Как с попутным эшелоном

Добирался до Москвы.

Нашел дом, поднялся по лестнице и постучал в дверь. Там долго не открывали, переговаривались, тяжелыми подвижками толкали на новое место мебель, наконец дверь с третьего толчка нелегко отворилась, и все домочадцы Гудзия выстроились на пороге в большой тревоге: «Двадцать лет сюда никто не стучался!» – Бабаев, оказывается, зашел с черного хода.

На лекции Эдуард Григорьевич однажды в сторону сказал: «Гудзий… Был такой профессор, а теперь его забыли».

И я не знаю, кто это такой. Наверное, филолог.

Он все же верил во что-то, он так говорил: «У меня было столько тяжелого в жизни, но все обходилось».

Все, университет, прошло, можно получать диплом, я не хотел идти (вот надо было так и сделать!), но Шах меня уговорил, приведя доводы, сейчас уже забытые мной, я взял с него обещание сидеть рядом, я покатался с утра с обходным, заперся в приемную декана сдавать засаленный задним карманом студенческий и вдруг не своим голосом молвил: «А можете мне его оставить на память?» Соннорогатая корова (я попал в ее смену), прекратив жевать, долго сопела.

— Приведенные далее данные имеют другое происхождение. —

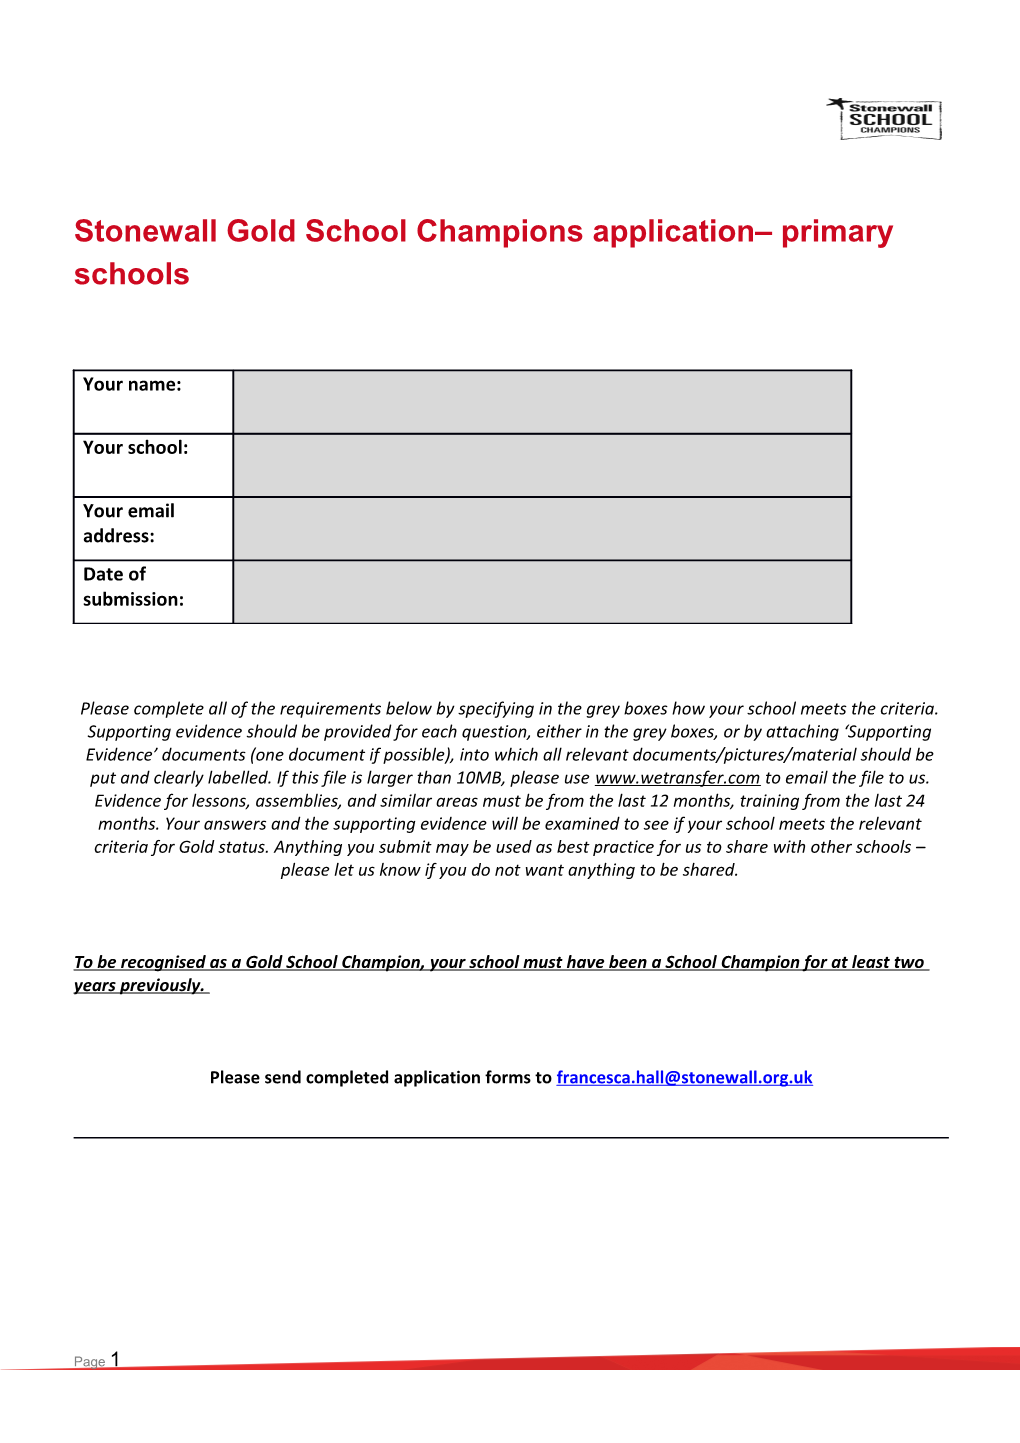 Stonewall Goldschool Champions Application Primary Schools
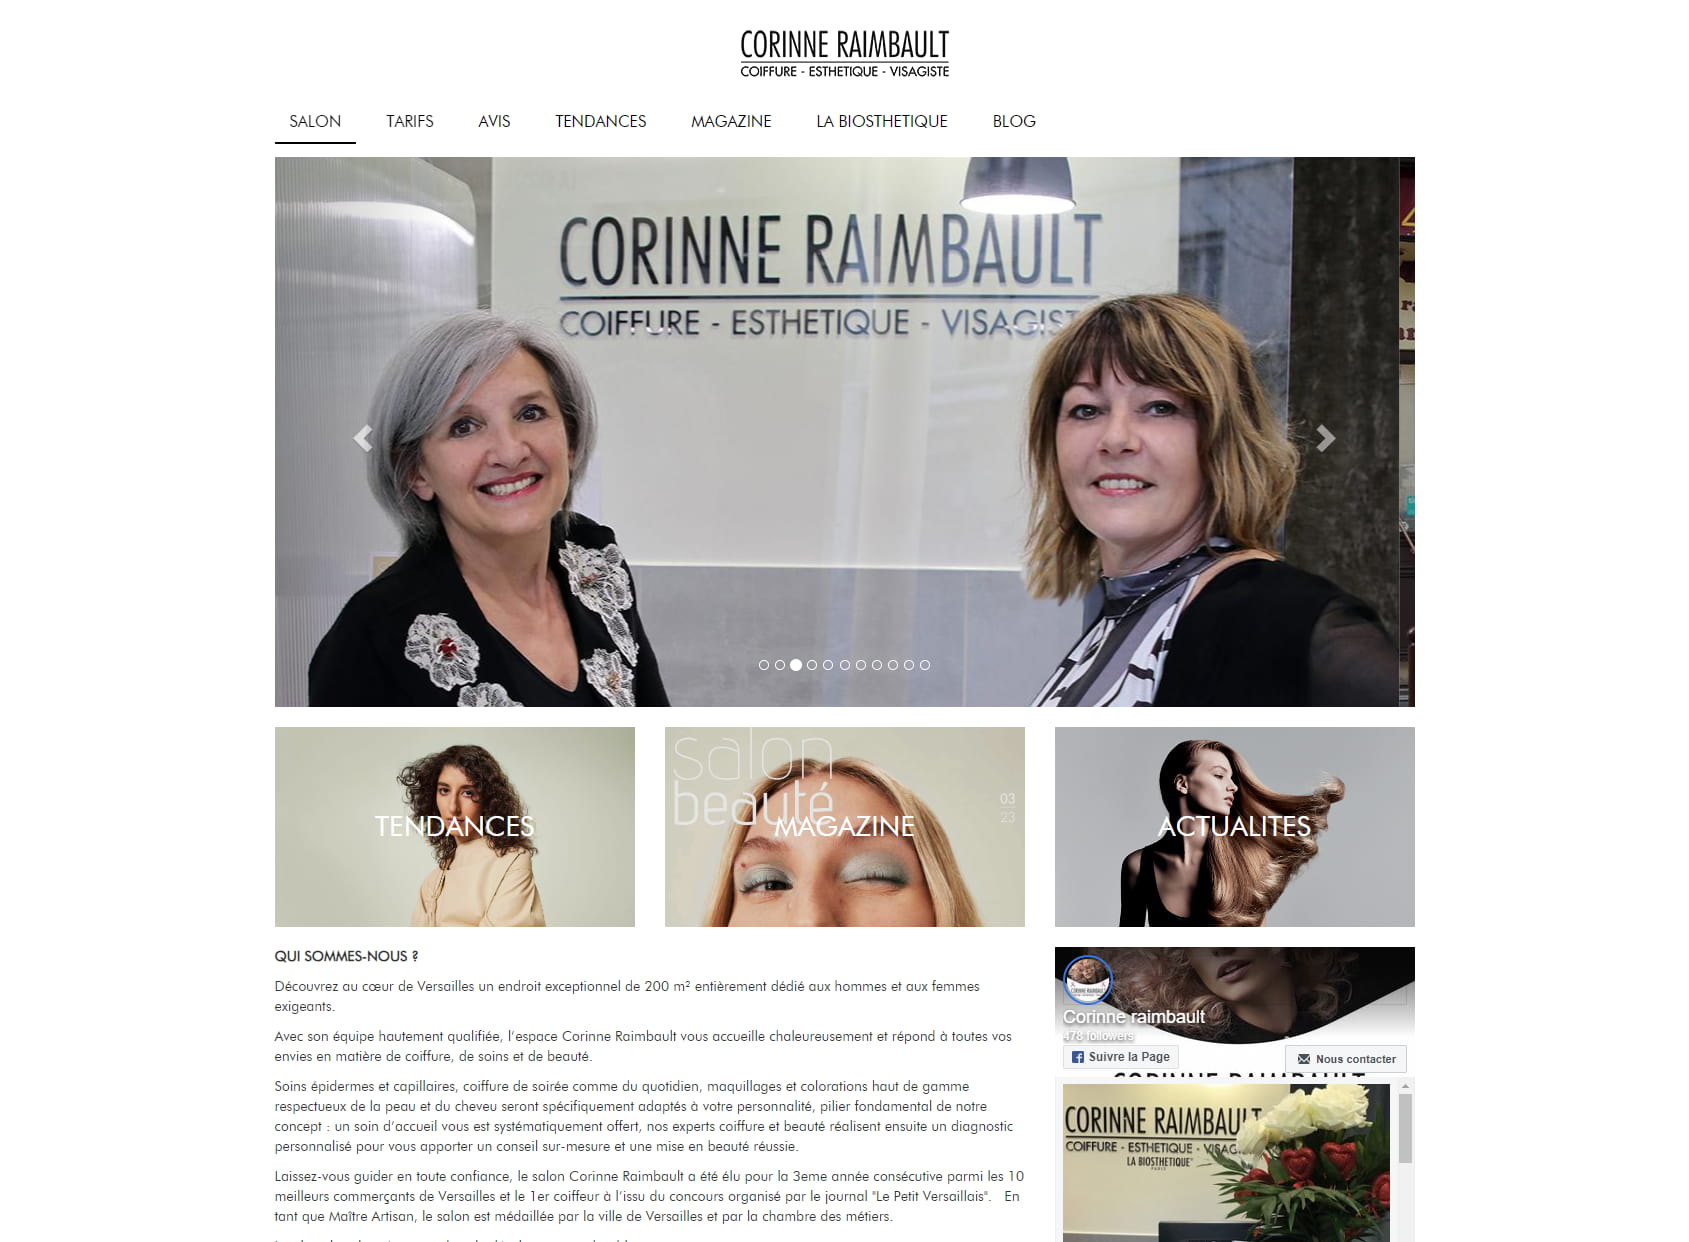 Corinne RAIMBAULT - Coiffure - Esthétique - Visagiste

Я успел подумать о причинах ее молчания. Возможно, ее смущает, что я собираюсь с помощью просроченного и престарелого студенческого получить какие-то неположенные радости. Льготный проезд на ж.д. транспорте, например. И суетливо добавил: пускай даже студенческий будет перечеркнутый. Это бледно-белесое до рвоты животное теперь высказалось: «Я триста штук забрала. Почему я должна один отдать?»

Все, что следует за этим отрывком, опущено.